Ostenosculda teruzzii, Braig & Haug & Ahyong & Garassino & Schädel & Haug, 2023

Ostenosculda teruzzii n. gen., n. sp.

( Figs 1-7)

urn:lsid:zoobank.org:act:7C2C839B-81D7-4C97-9280-3DA3F62FB6BC

TYPE SPECIMENS AND ONLY MATERIAL. — Holotype. MSNM i13561 ( Figs 1; 2).

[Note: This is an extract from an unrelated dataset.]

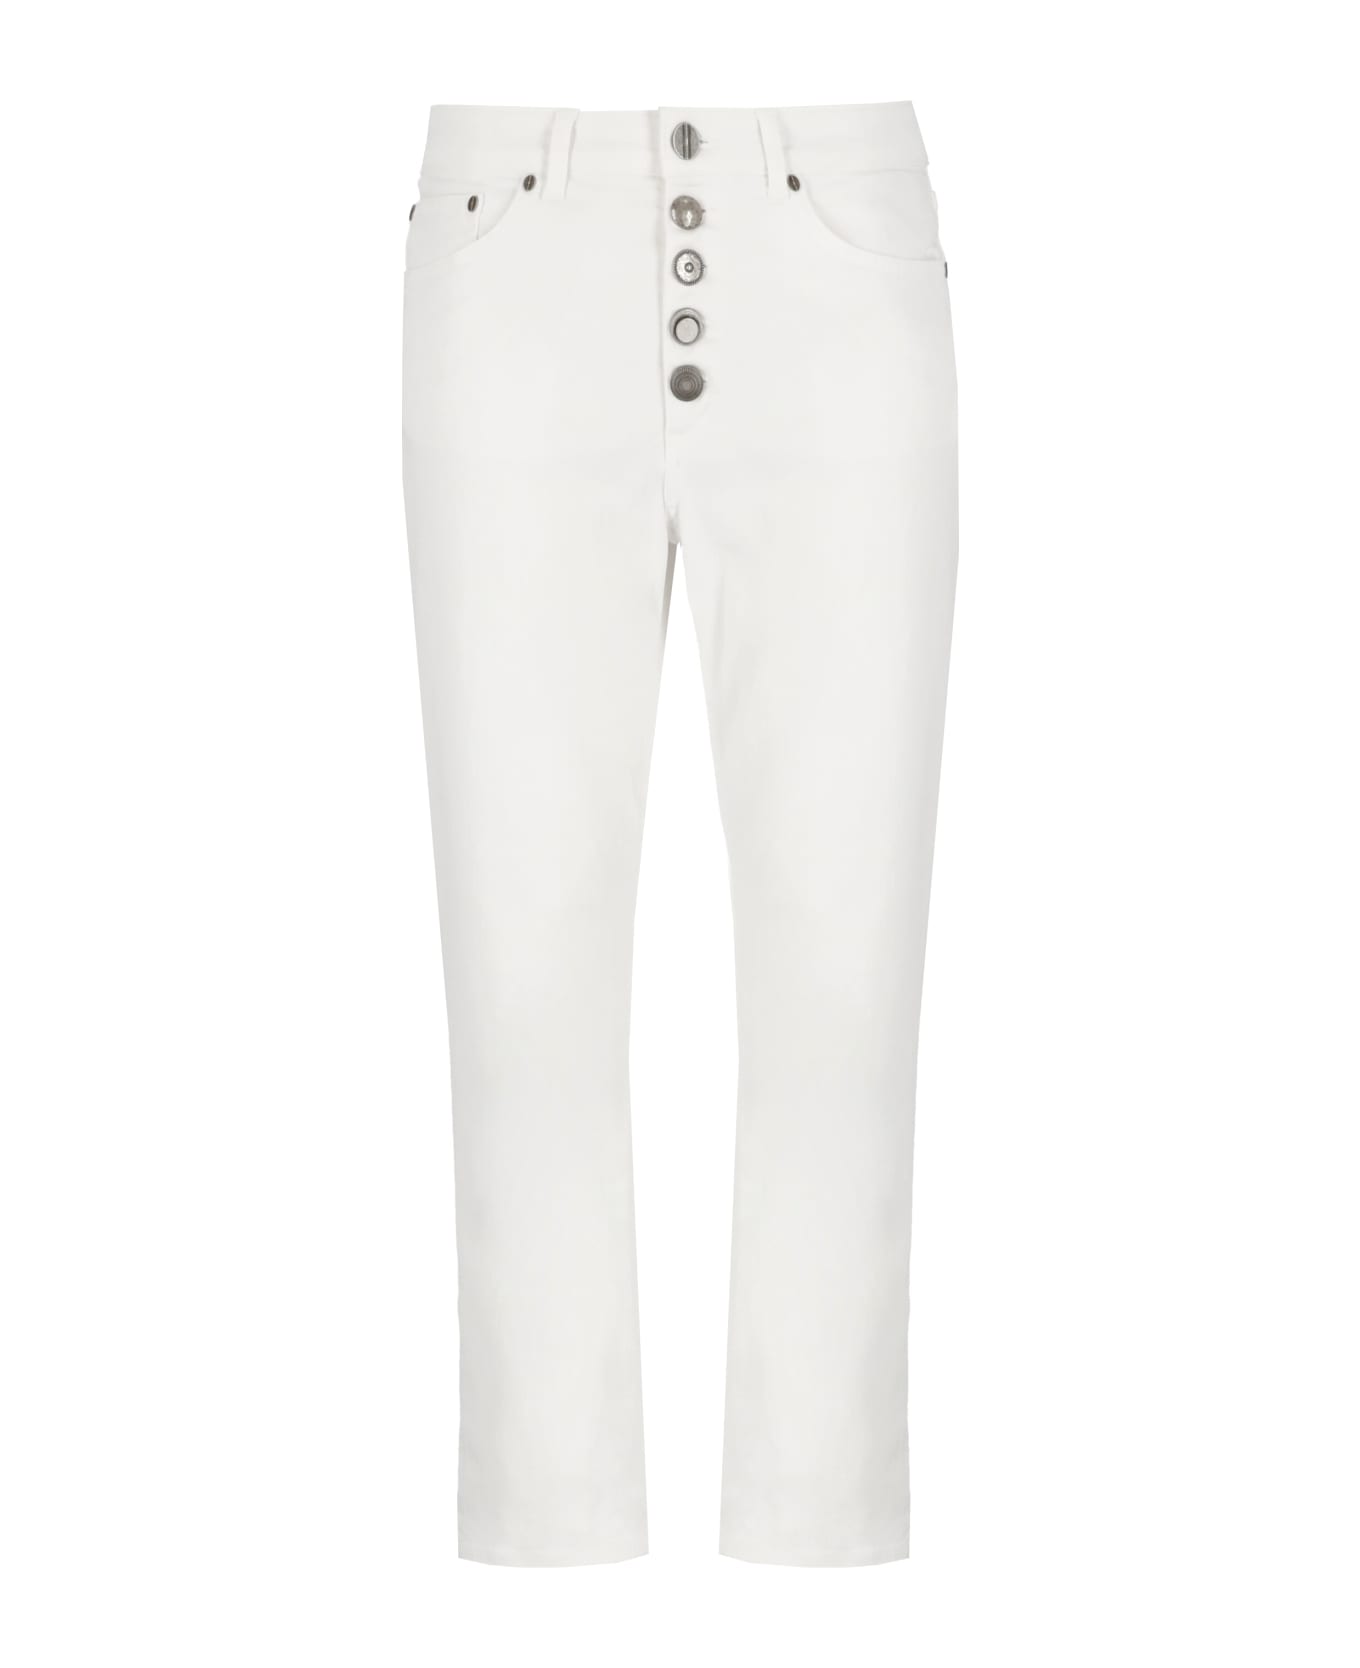 Dondup Koons Gioiello Jeans - White

Paratype. MSNM i13562 ( Figs 3; 4).

DIAGNOSIS. — Compound eyes without apparent midband, on short peduncles. Short tapering rostrum. Shield rectangular in ventral and lateral view with postero-lateral corners elongated. Major raptorial appendages with thick ovate carpopropodi and spineless scythe-shaped dactyli. Eight circular insertion areas (foramina) of posterior four maxilliped pairs arranged evenly spaced in anterior-posterior axis. The first pair of insertion areas positioned further laterally, the following three pairs arranged successively medially in two anterior-posterior running, almost straight lines. Insertion area of each pleopod subdivided into three individual areas separated by bar-shaped sclerites.

DERIVATION OF NAME. — Named after Giorgio Teruzzi, Milano, in honour of his scientific work including fossils from Osteno.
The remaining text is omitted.